**About this task**
The entries below contain pictures. Write out only the lines from the line with "Sewing Machine Embroidery" up to and including the line with "Candlesticks with Matching Bowl", exactly, without them.

**Entries shown**
━━━━━━
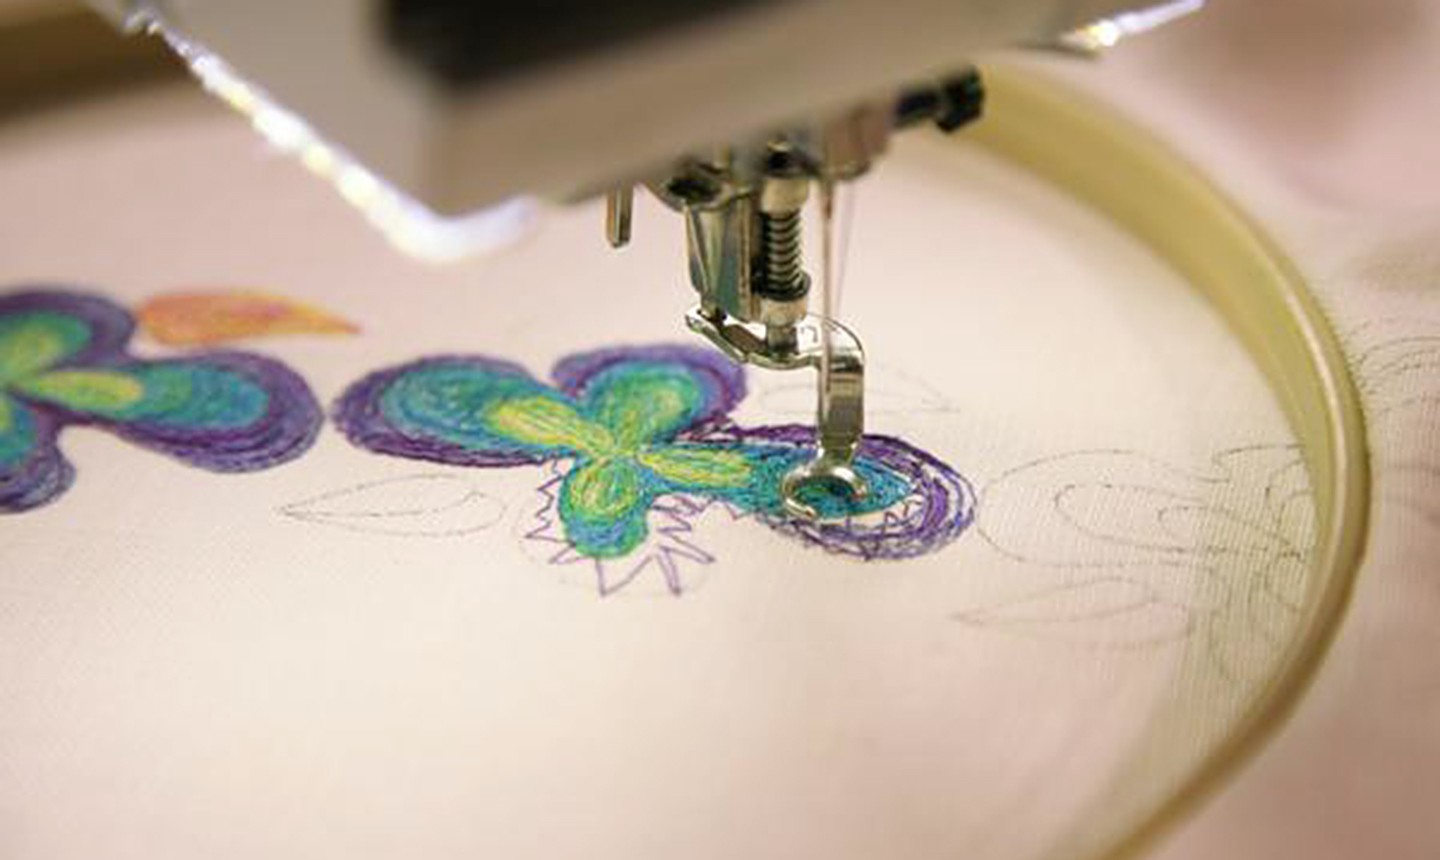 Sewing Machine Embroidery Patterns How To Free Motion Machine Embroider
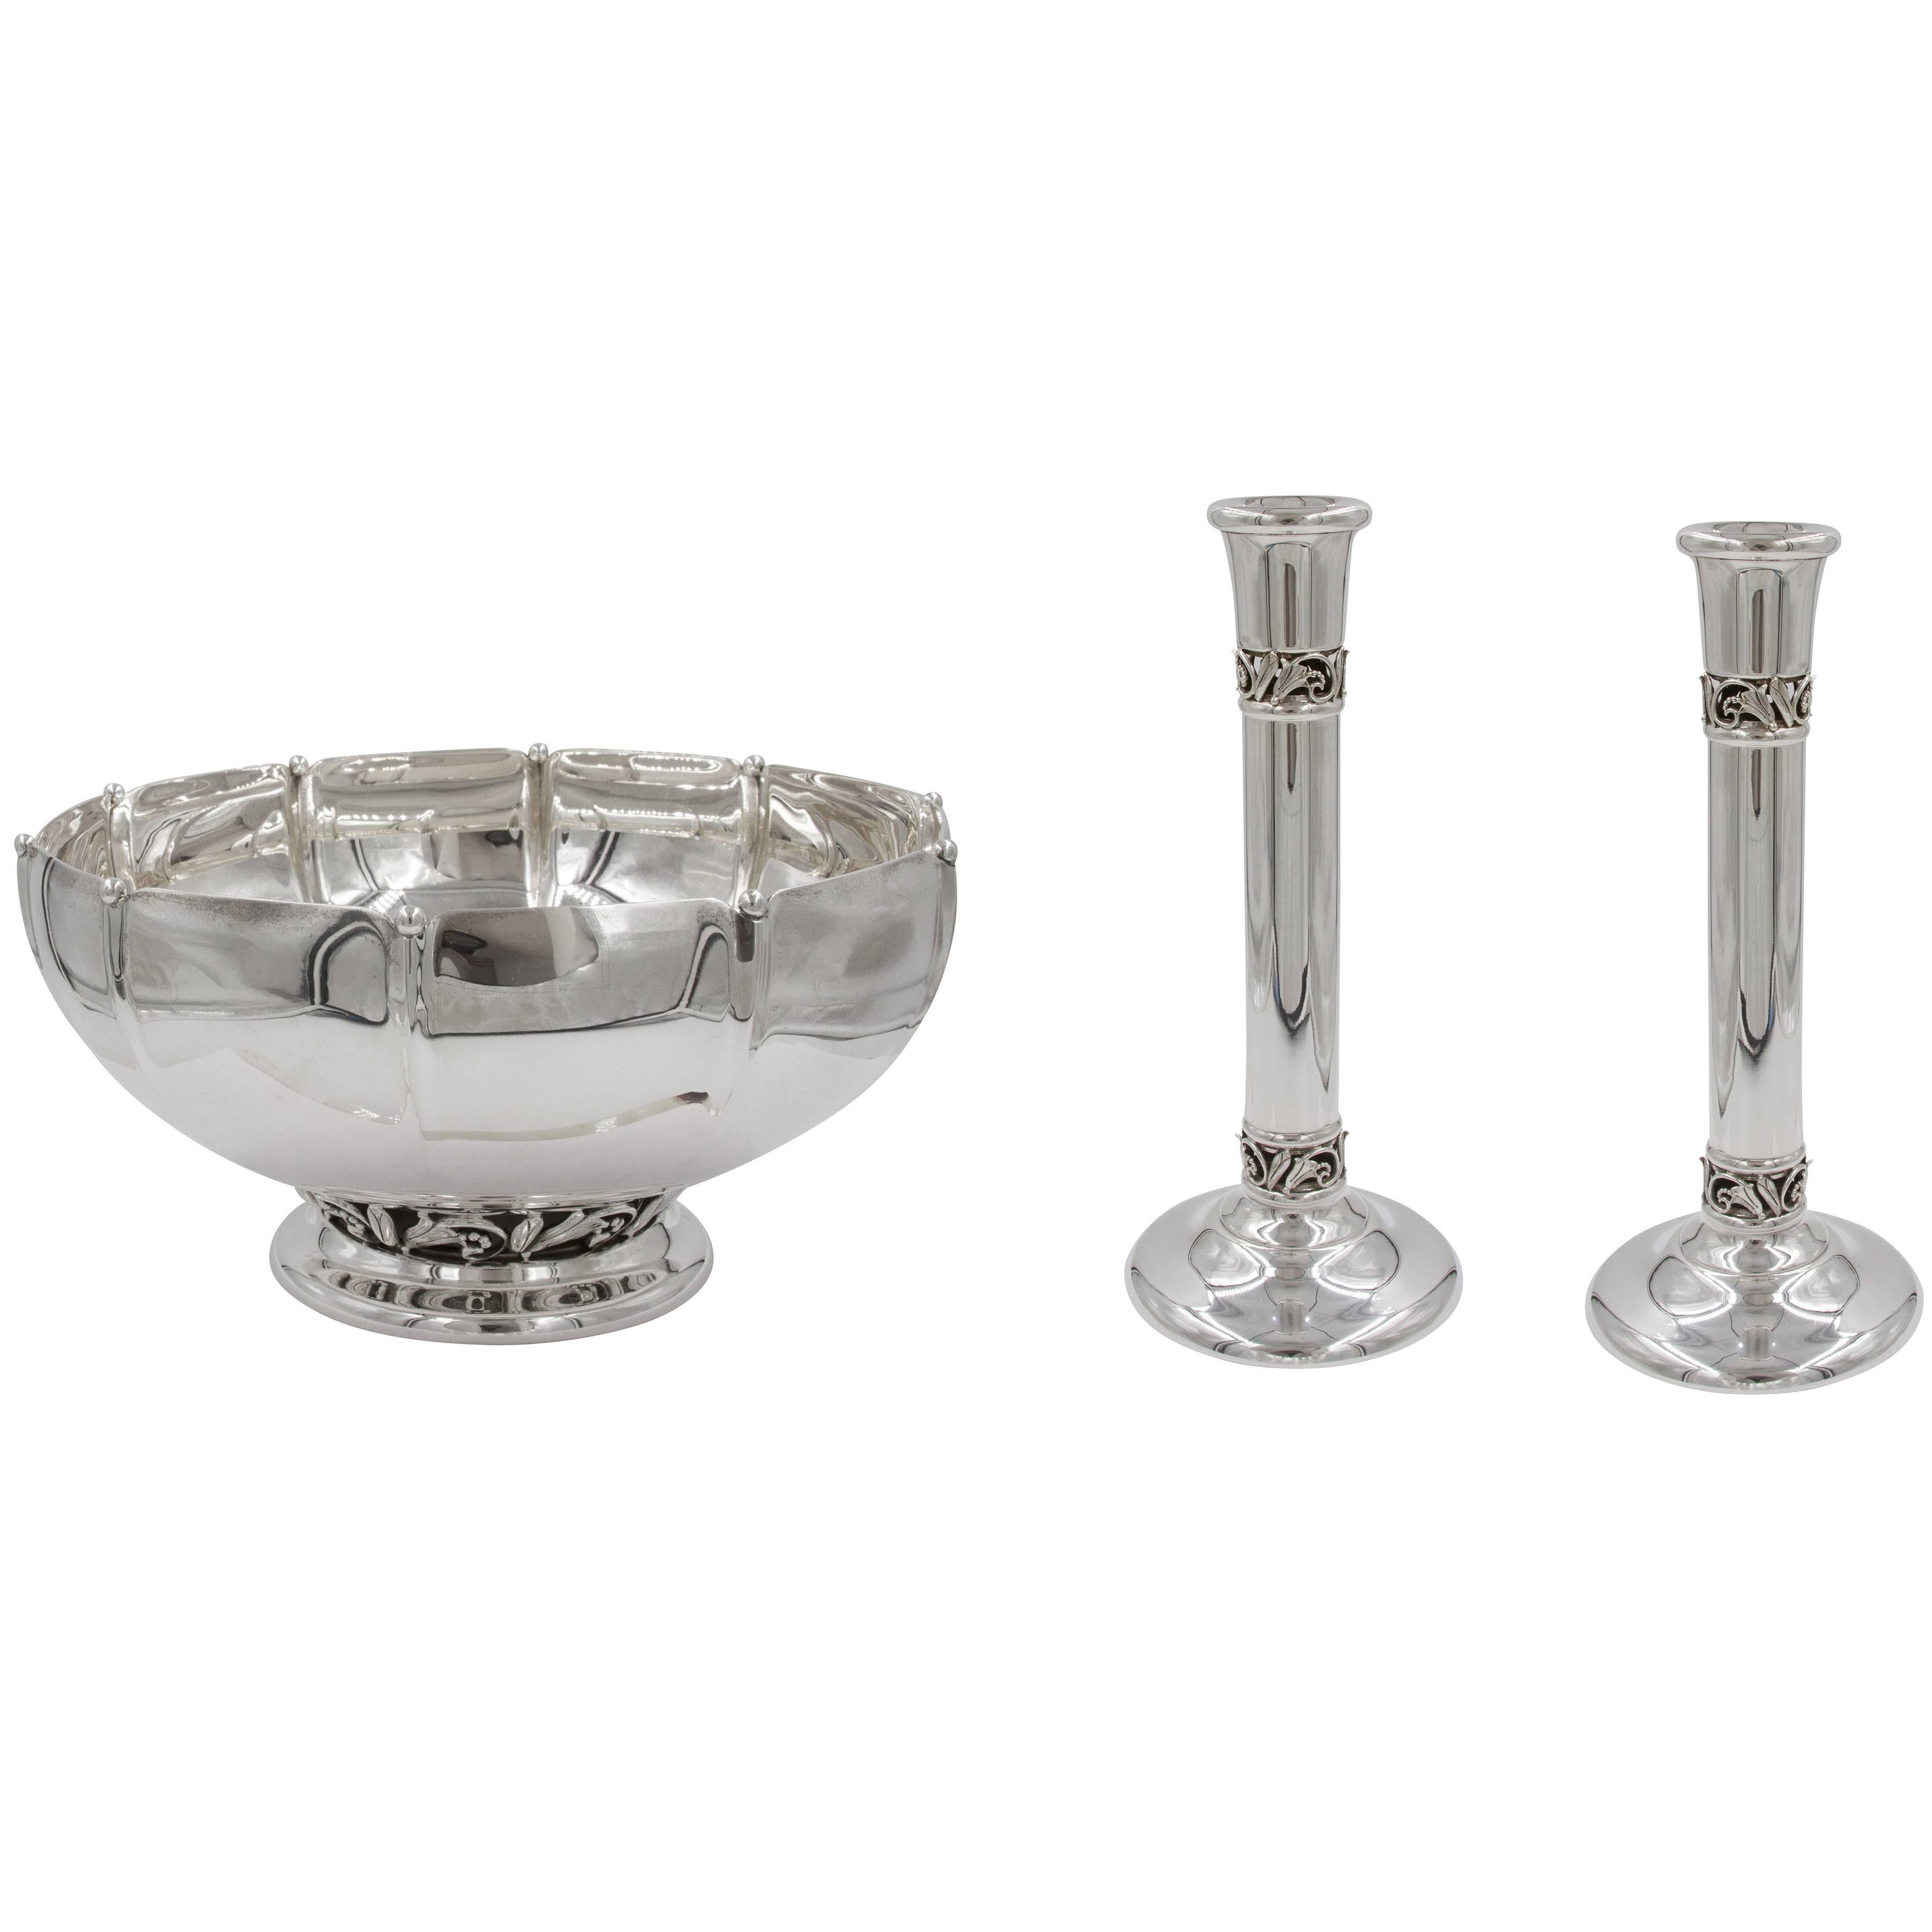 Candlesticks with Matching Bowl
━━━━━━
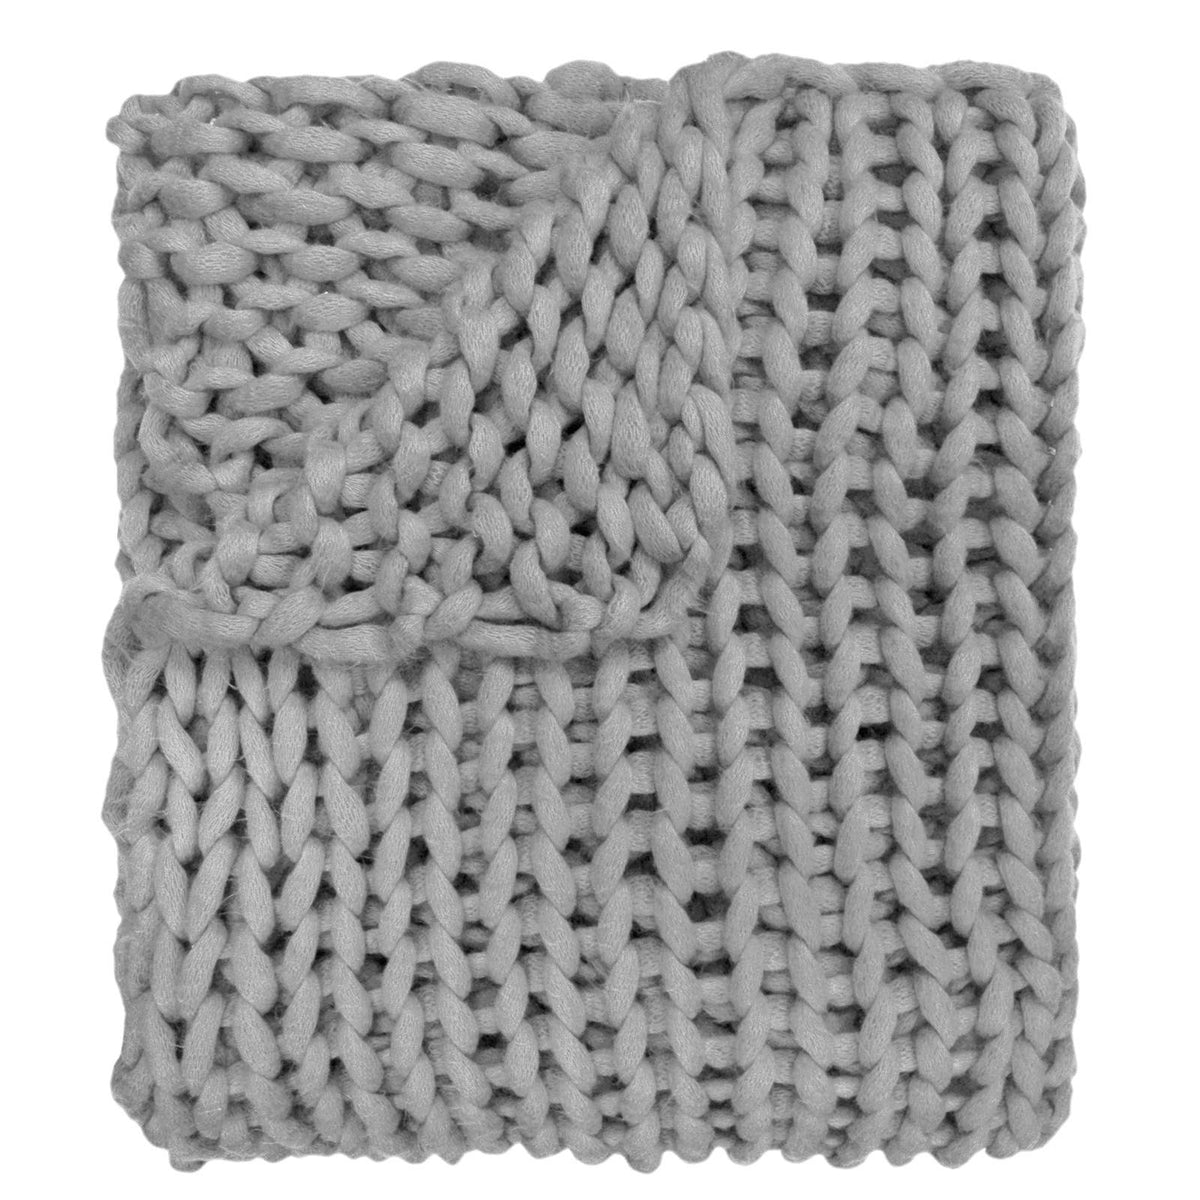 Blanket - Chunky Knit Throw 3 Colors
━━━━━━
**Task solution**
 Sewing Machine Embroidery Patterns How To Free Motion Machine Embroider
 Candlesticks with Matching Bowl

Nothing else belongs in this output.